Environmental Chemistry (AGCH3033)
UNIT OF STUDY
This course provides basic concepts in environmental chemistry underpinning many of the environmental problems humans are faced with, with a focus on agricultural and natural ecosystems.
AGCH3033 is a core unit for the BEnvSys degree and an elective unit suitable for the BScAgr, BResEc and BAnVetBioSc degrees, building on intermediate units in chemistry and biology.
Sources, reactions and fate of chemical species will be investigated in air, water, soil and biota. Case studies about human impacts on the environment will be integrated in the lectures, laboratory classes and field trip.
At the end students have an understanding of chemical concepts that are at the root of many environmental problems in agricultural and natural ecosystems. This unit will provide students with tools to identify and assess the chemistry behind environmental problems and will guide students in developing methods to manage these problems.
Students will enhance their skills in problem definition, assessing sources of information, team-work and effectively communicating environmental issues from a chemical perspective through laboratory reports and oral presentation.
Further unit of study information
2 lec & 3hr prac/wk
Research Proposal (40%), Prac Report (40%), Presentation (15%), Class Participation (5%)
Reference Books: Andrews et al. 2004. An Introduction to Environmental Chemistry.

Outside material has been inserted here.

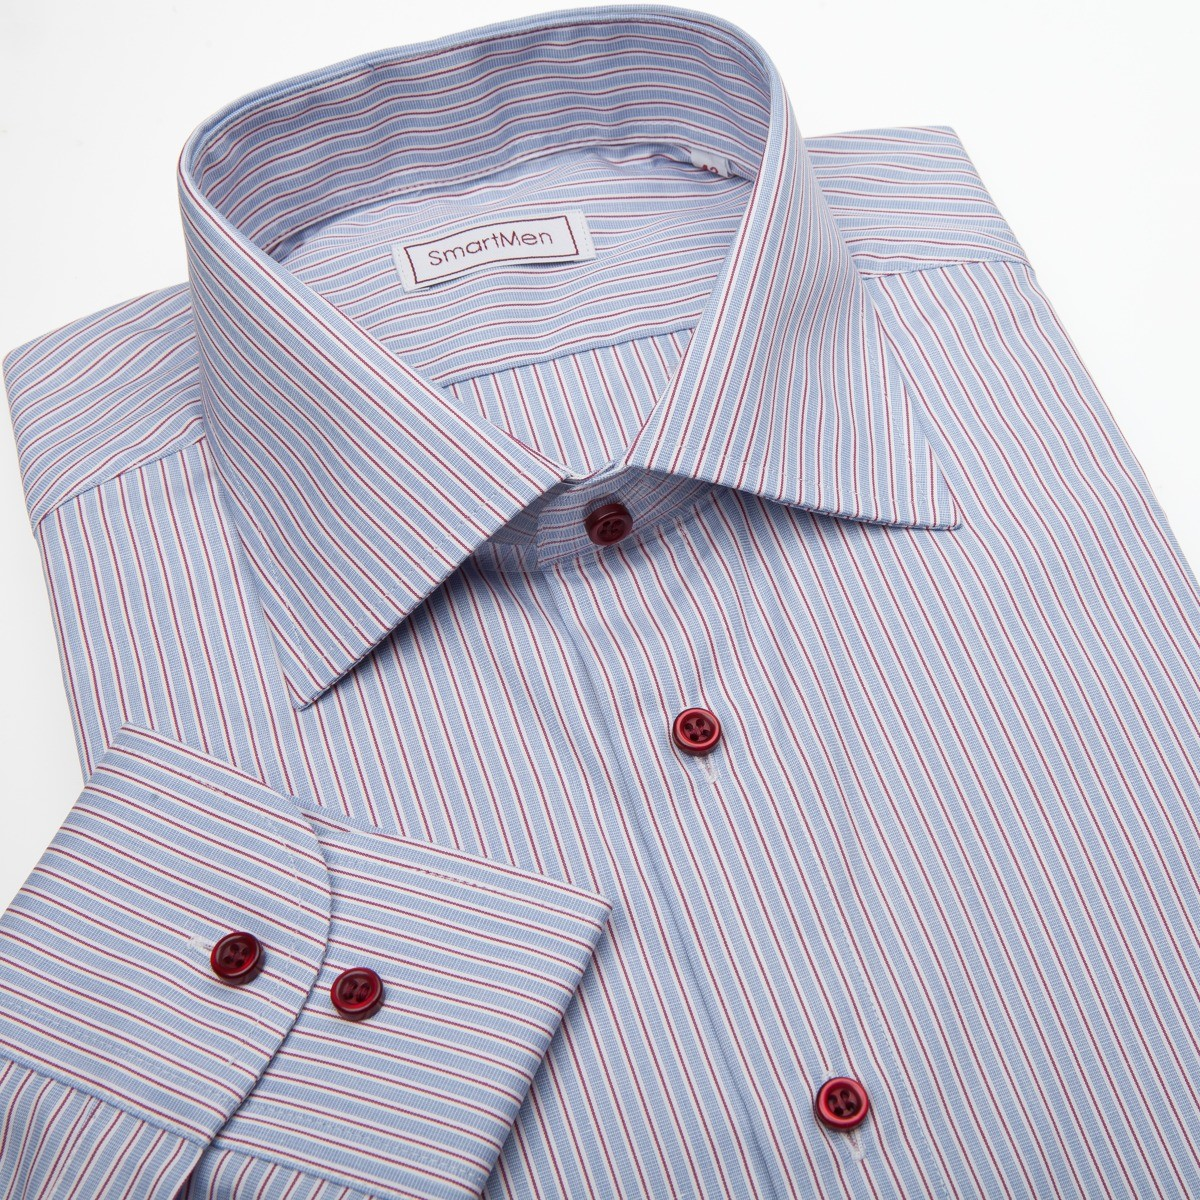 1db94d2226b9 Pánska košeľa modrá s červenou linkou a červenými gombíkmi
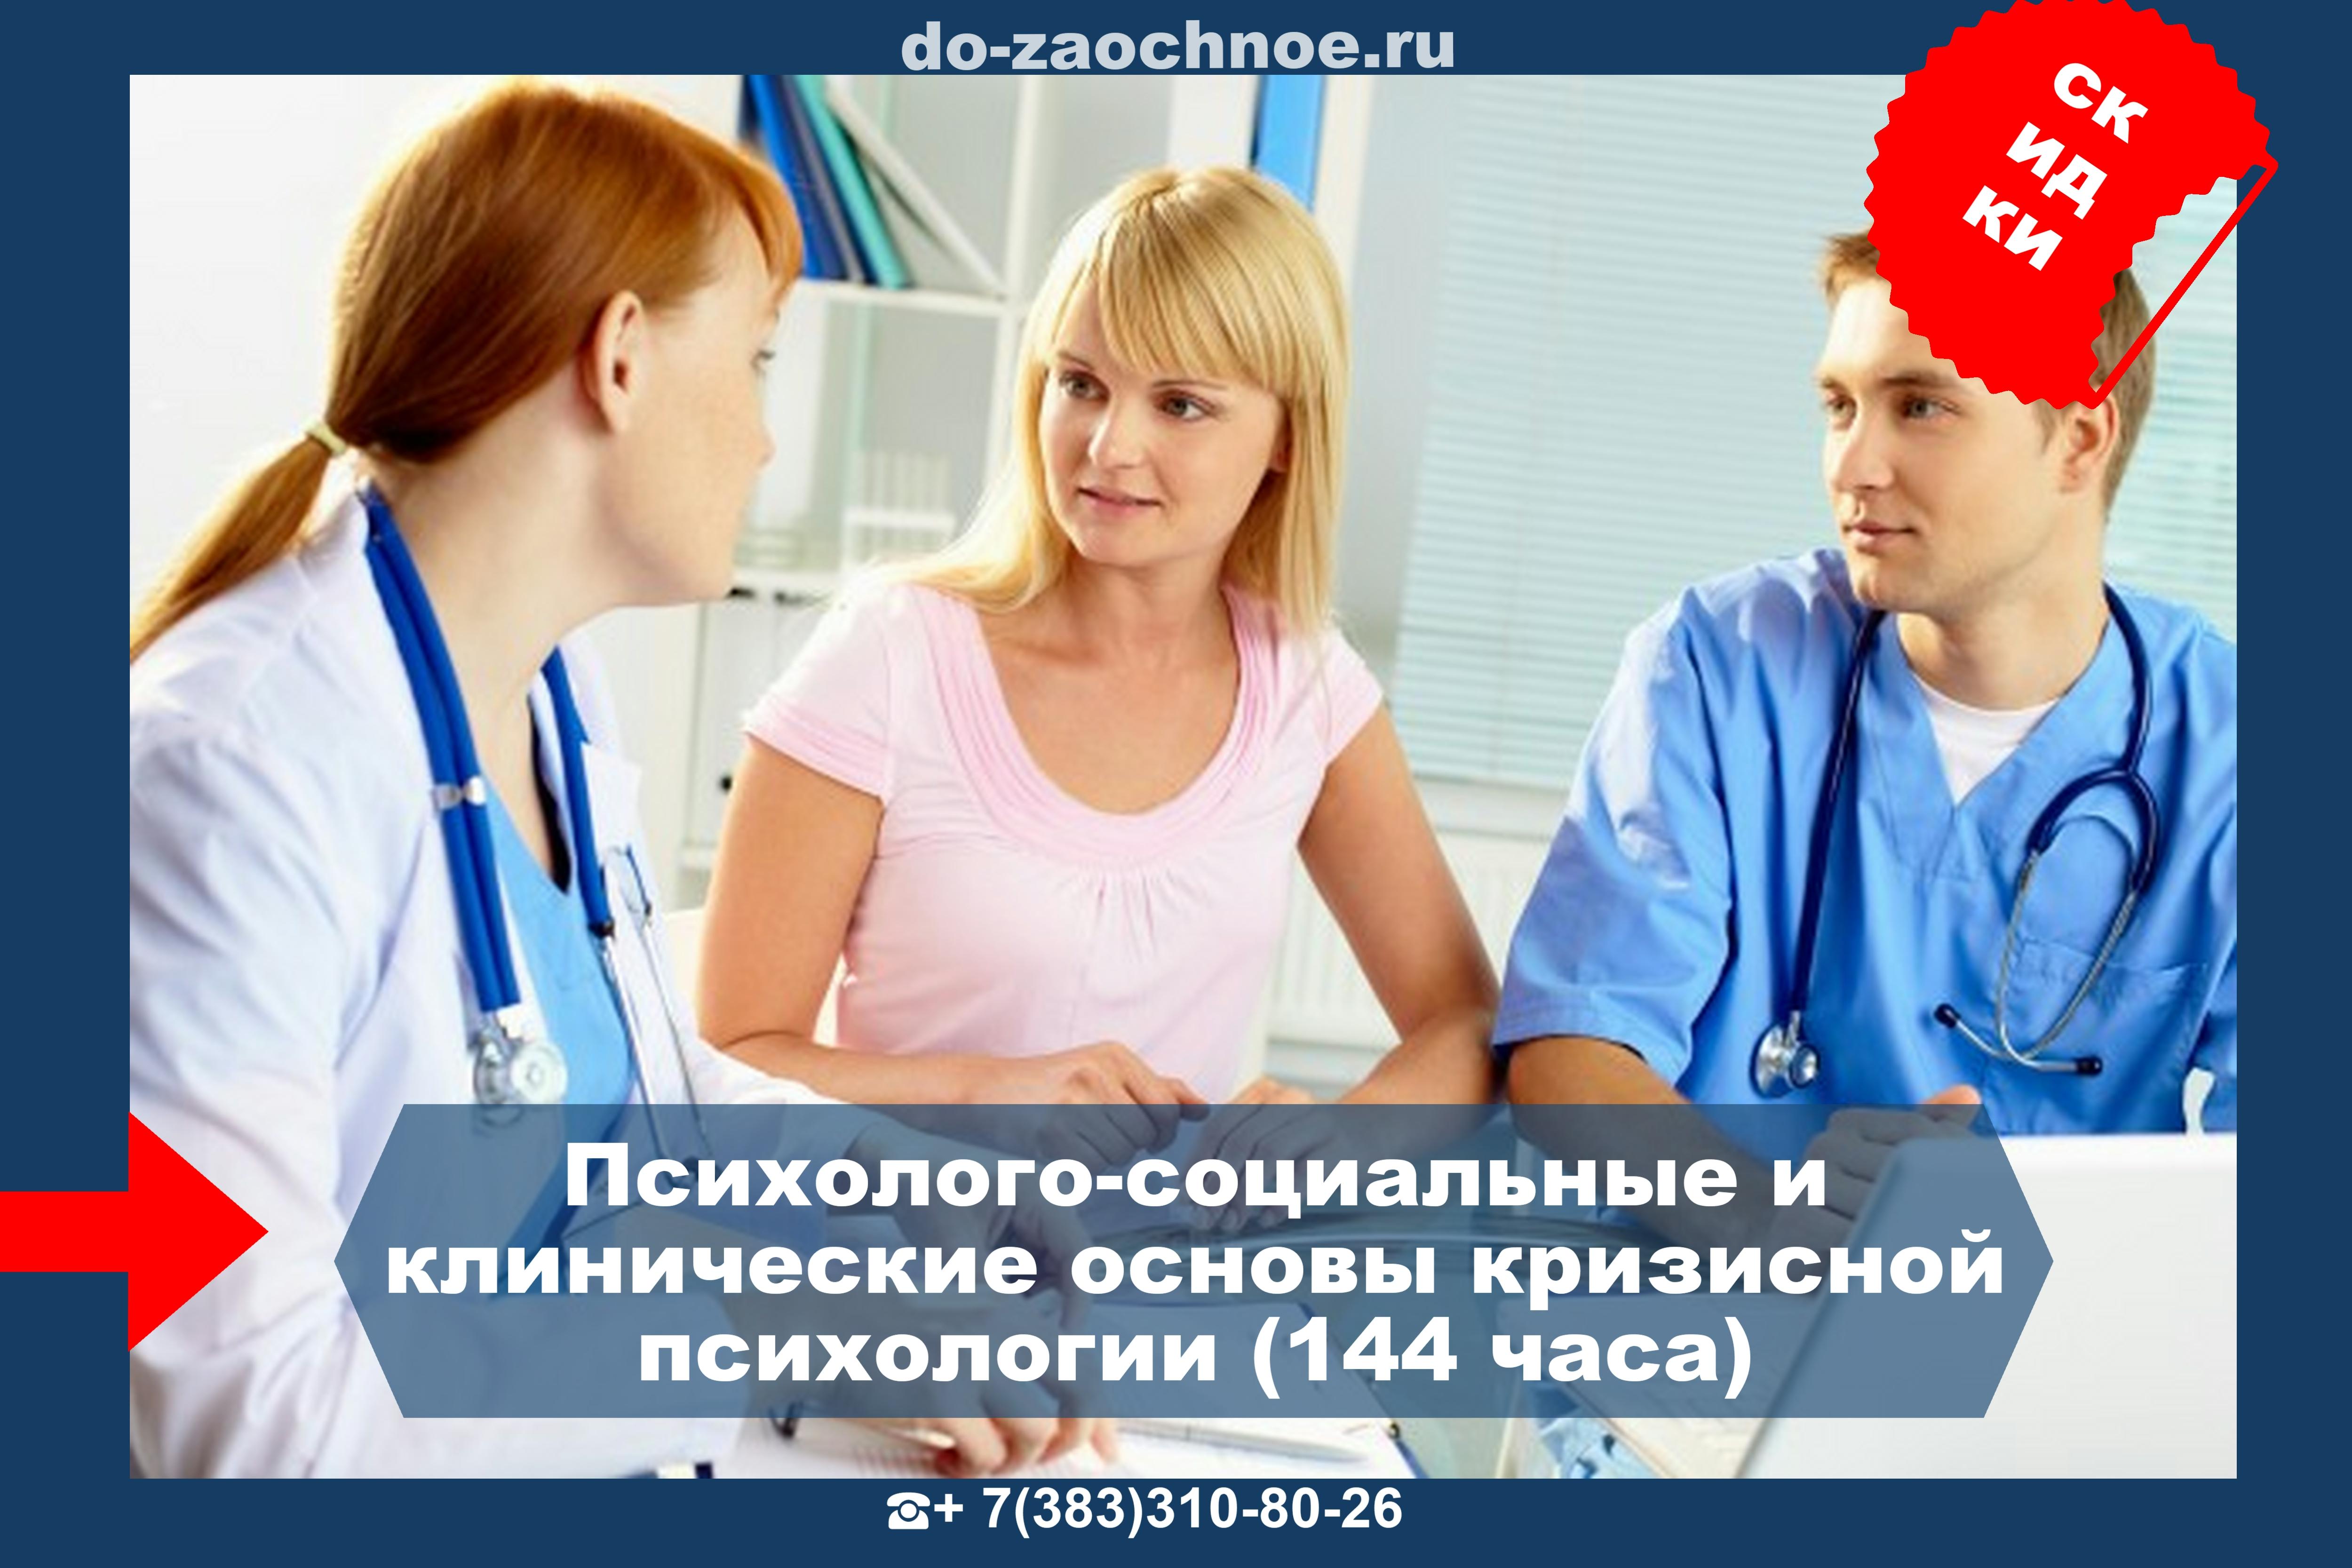 Психолого-социальные и клинические основы кризисной психологии (144 часа)

Van Loon and Duffy. 2010. Environmental Chemistry: A Global Perspective.
Hanrahan. 2011. Key Concepts in Environmental Chemistry.
Faculty/department permission required?
Unit of study rules
Prerequisites and assumed knowledge
12cp of Junior Chemistry
SOIL2003 and LWSC2002
Study this unit outside a degree
If you wish to undertake one or more units of study (subjects) for your own interest but not towards a degree, you may enrol in single units as a non-award student.
If you are from another Australian tertiary institution you may be permitted to underake cross-institutional study in one or more units of study at the University of Sydney.